How to complete this task -
Restate word for word the span of lines that opens with the line containing "Many unique features" and closes with the last line of the material. Include both ends and nothing more.

The data -
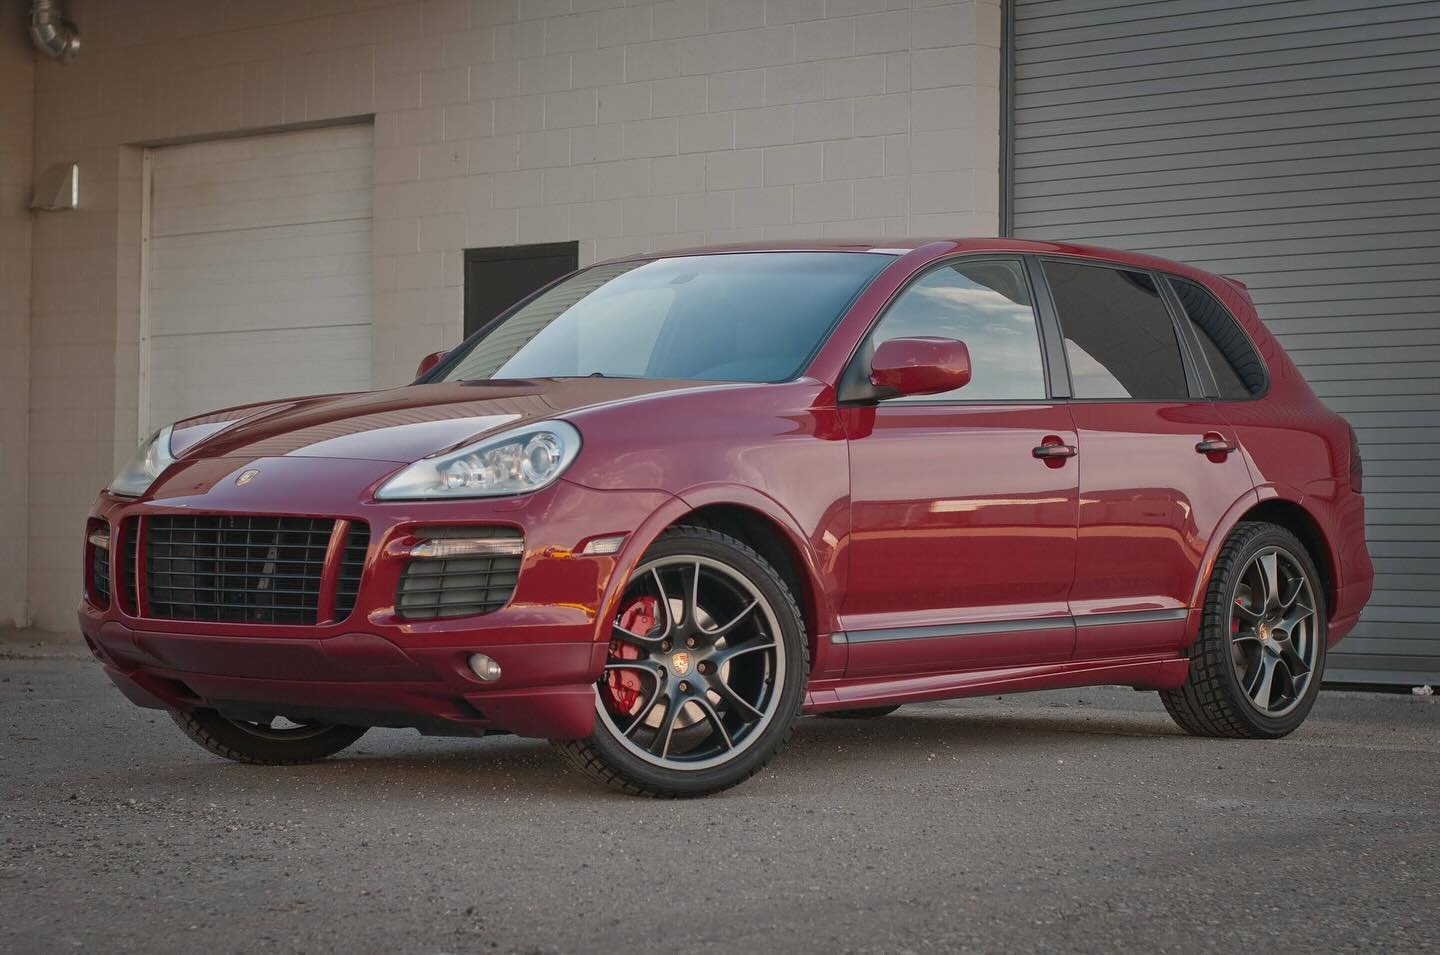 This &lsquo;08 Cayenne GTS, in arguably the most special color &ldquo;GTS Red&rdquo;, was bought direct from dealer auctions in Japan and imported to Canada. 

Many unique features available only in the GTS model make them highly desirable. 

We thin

Output -
Many unique features available only in the GTS model make them highly desirable. 

We thin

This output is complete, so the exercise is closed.